◆ **DATASET CONTENT**
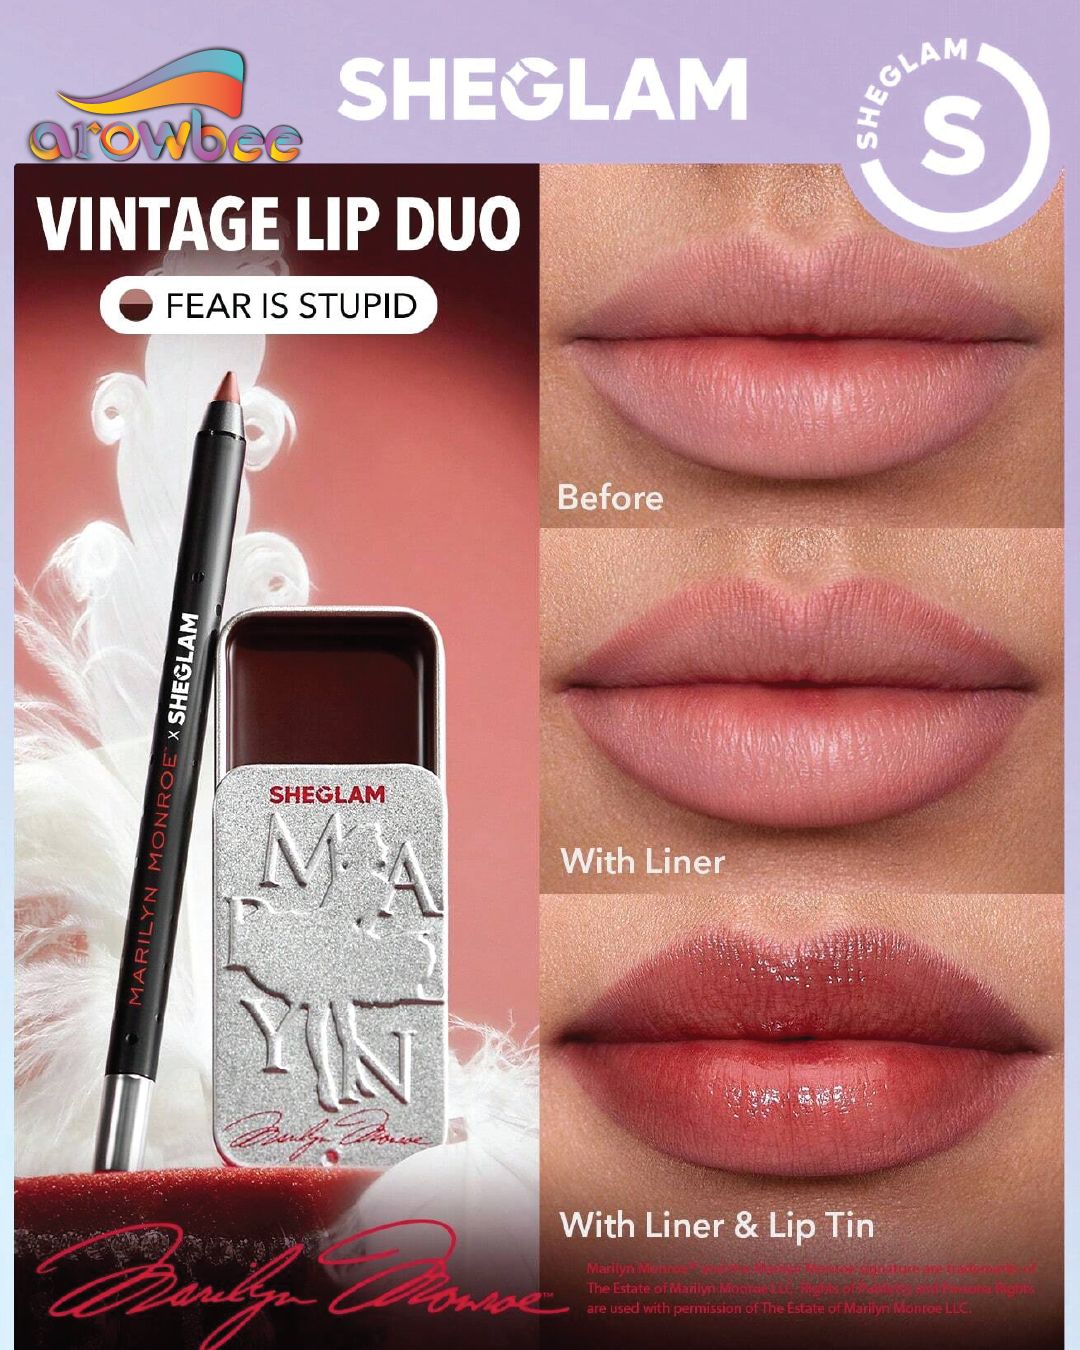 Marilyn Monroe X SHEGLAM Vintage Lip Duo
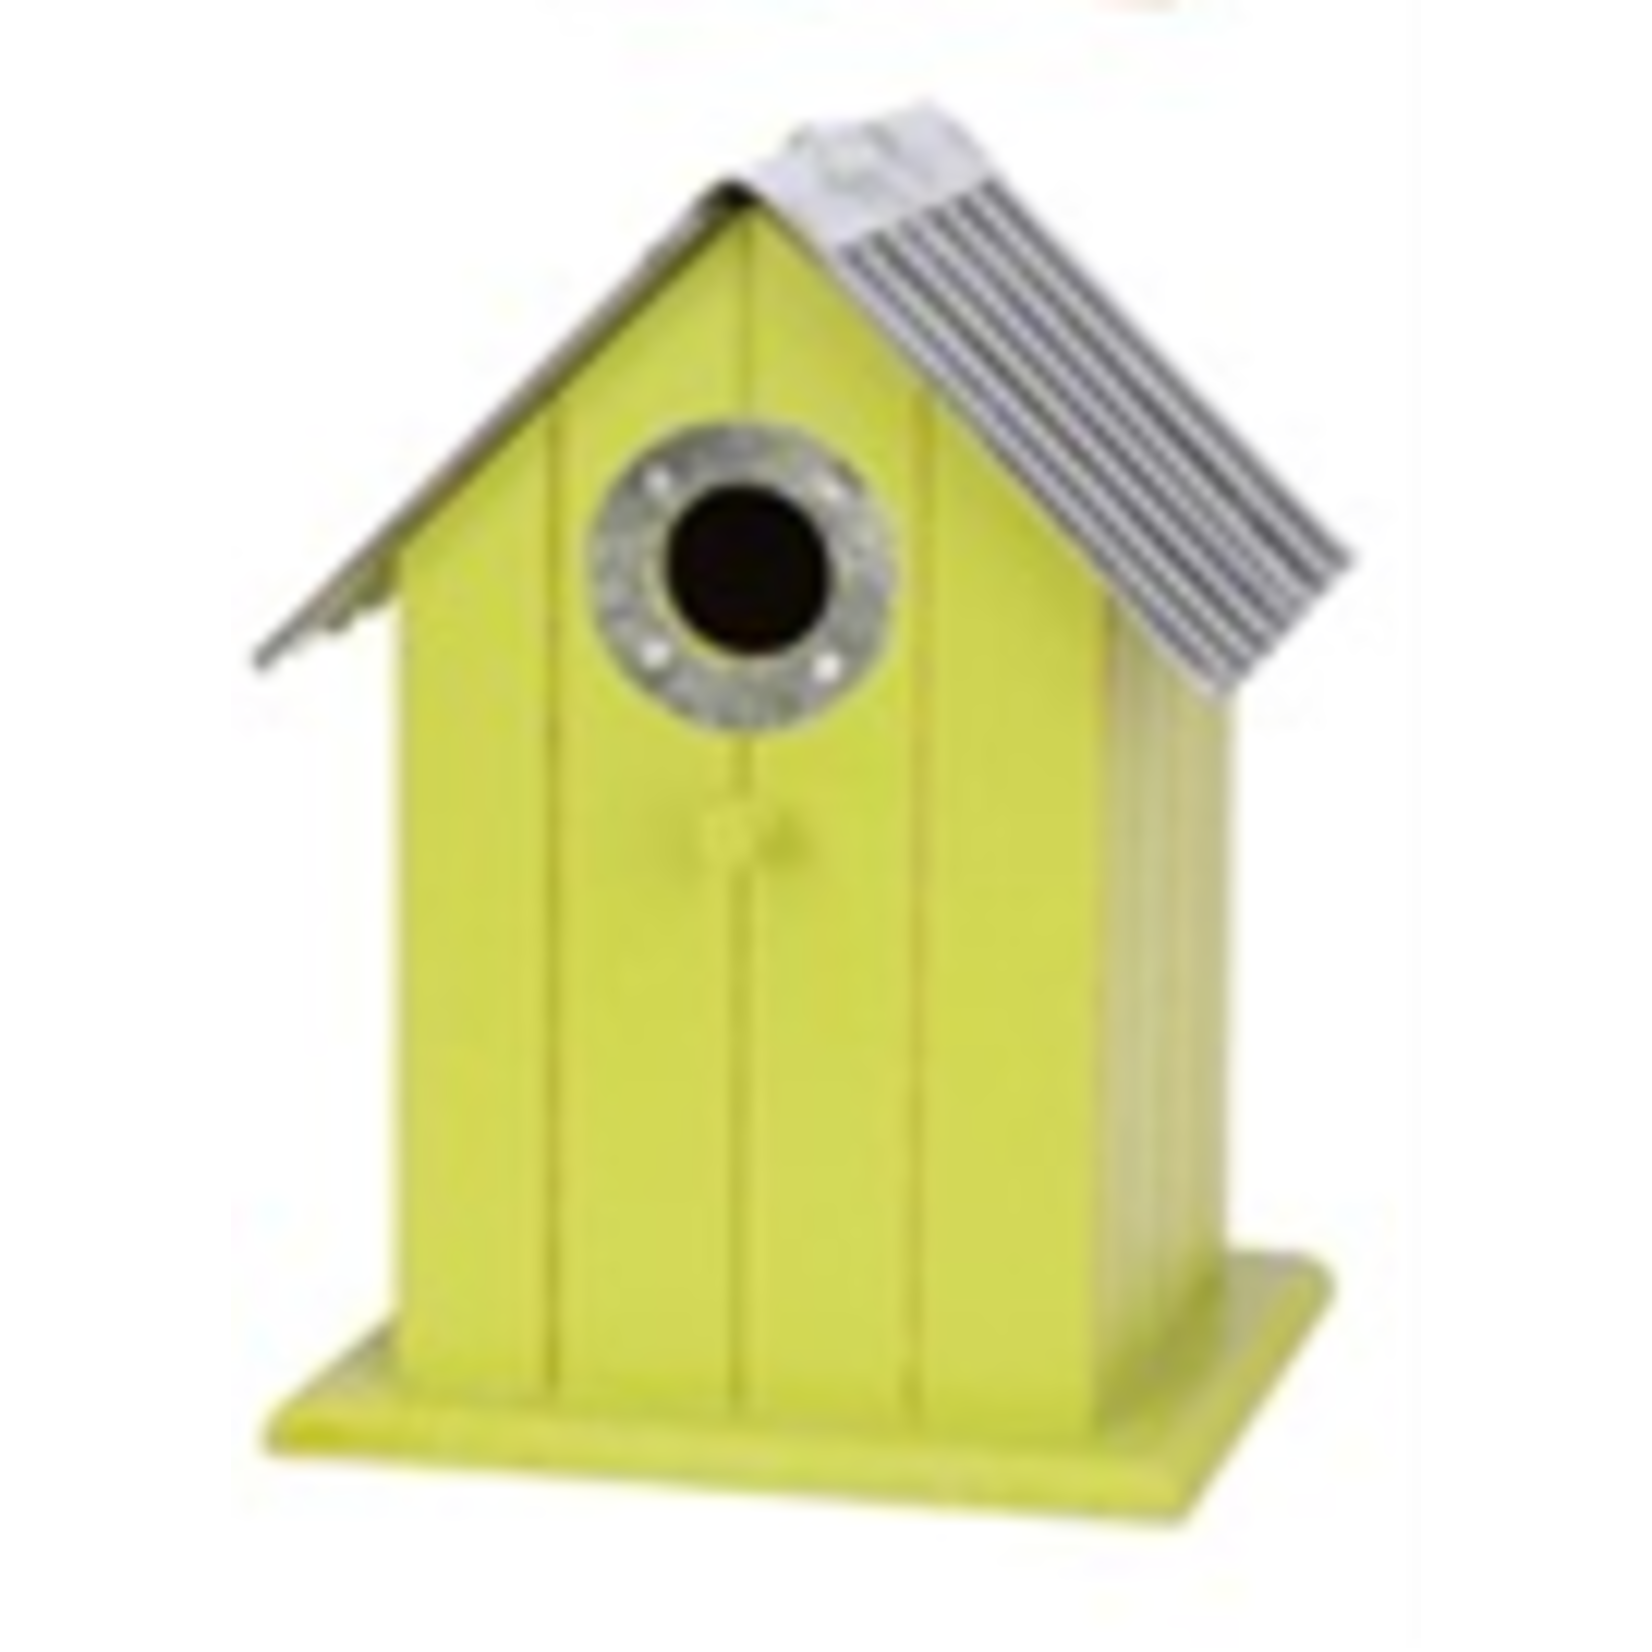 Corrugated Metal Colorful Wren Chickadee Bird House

==

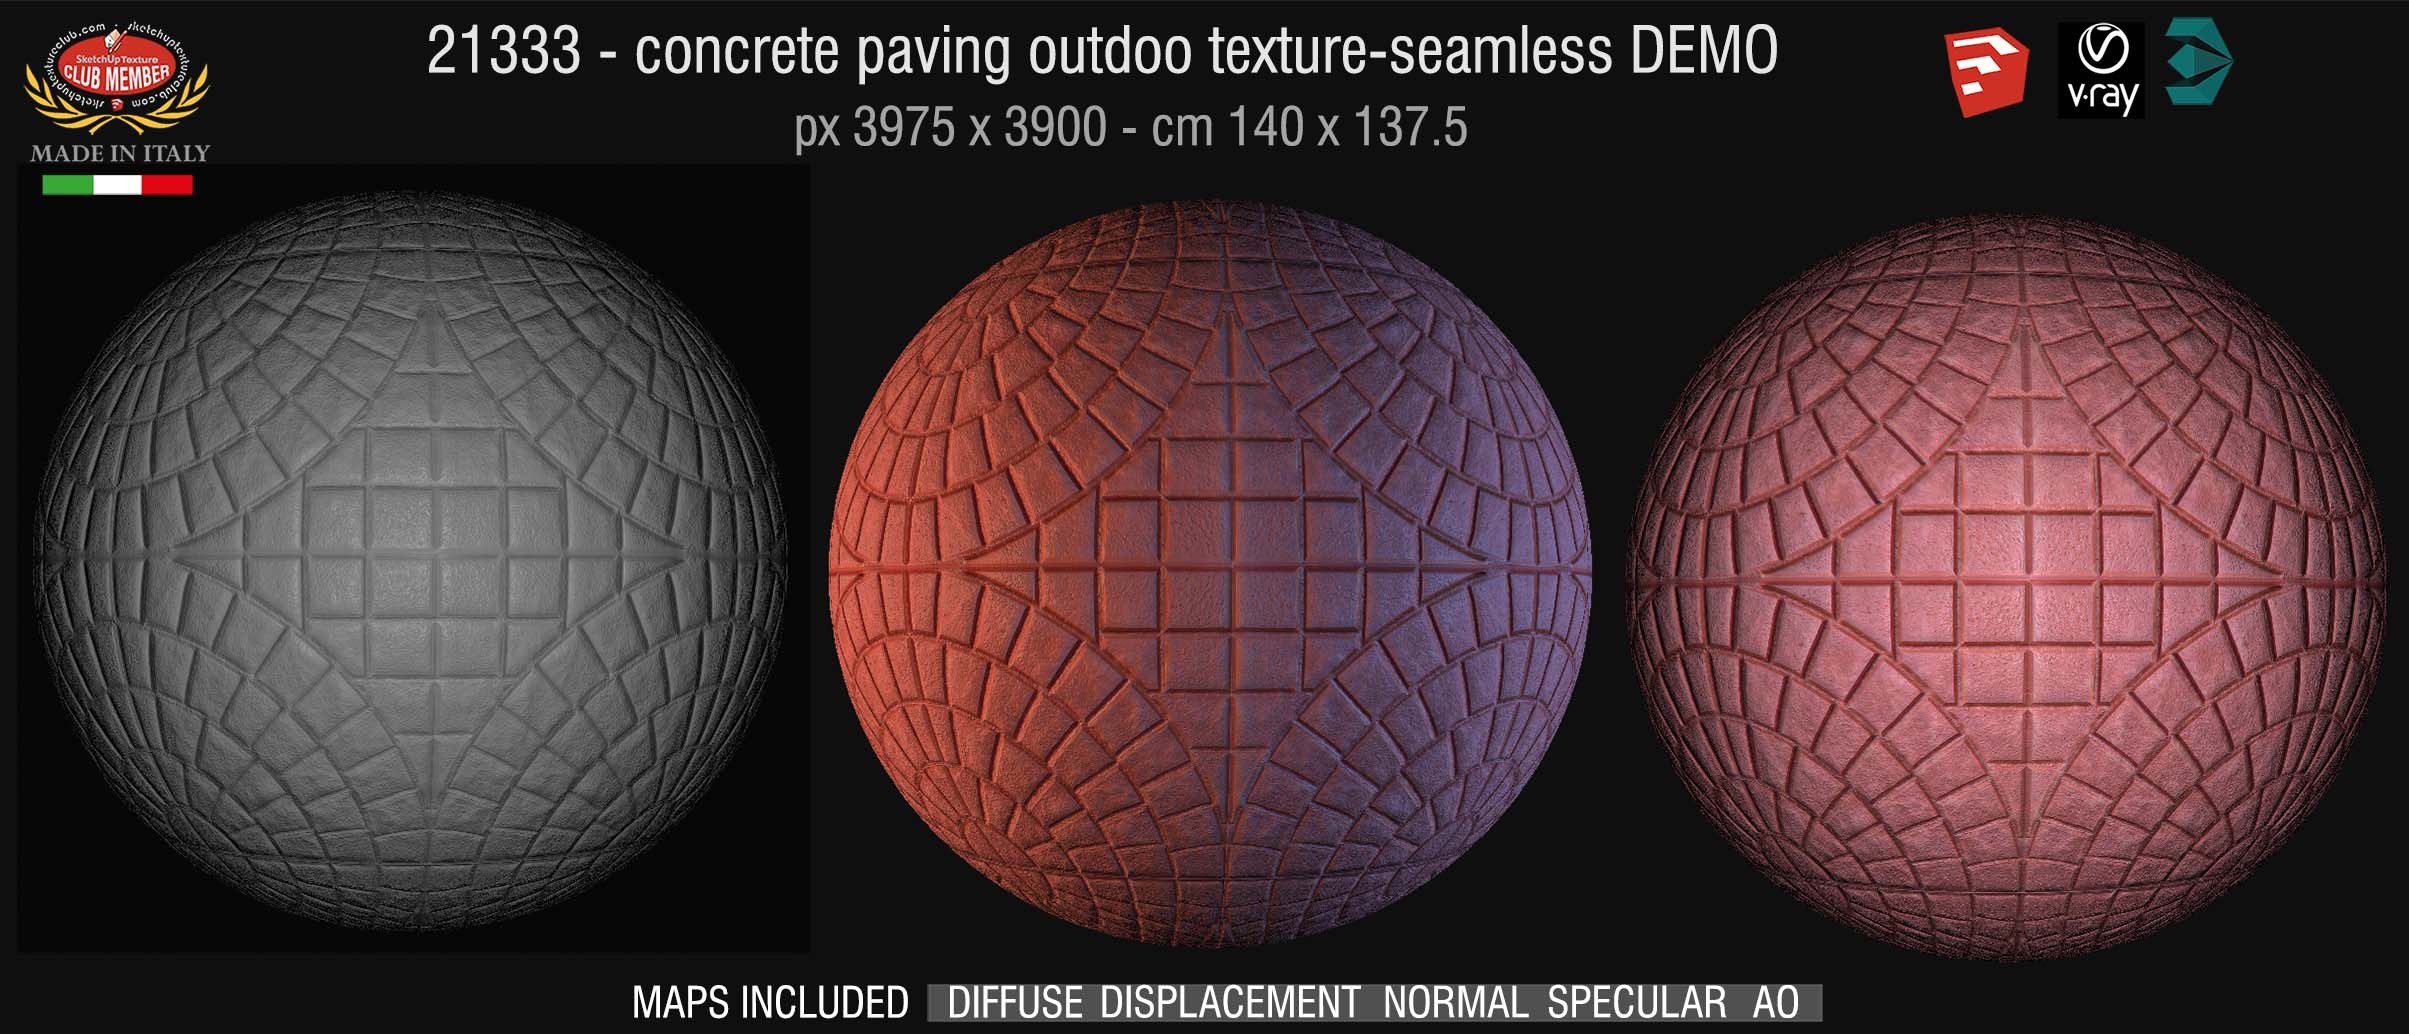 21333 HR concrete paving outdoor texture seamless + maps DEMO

◆ **WHAT IS BEING ASKED**
In the records above, copy exactly everything from the line that has "Marilyn Monroe X SHEGLAM Vintage Lip Duo" down to the line that has "Corrugated Metal Colorful", both ends included, and leave out the pictures.

◆ **EXERCISE RESULT**
 Marilyn Monroe X SHEGLAM Vintage Lip Duo
 Corrugated Metal Colorful Wren Chickadee Bird House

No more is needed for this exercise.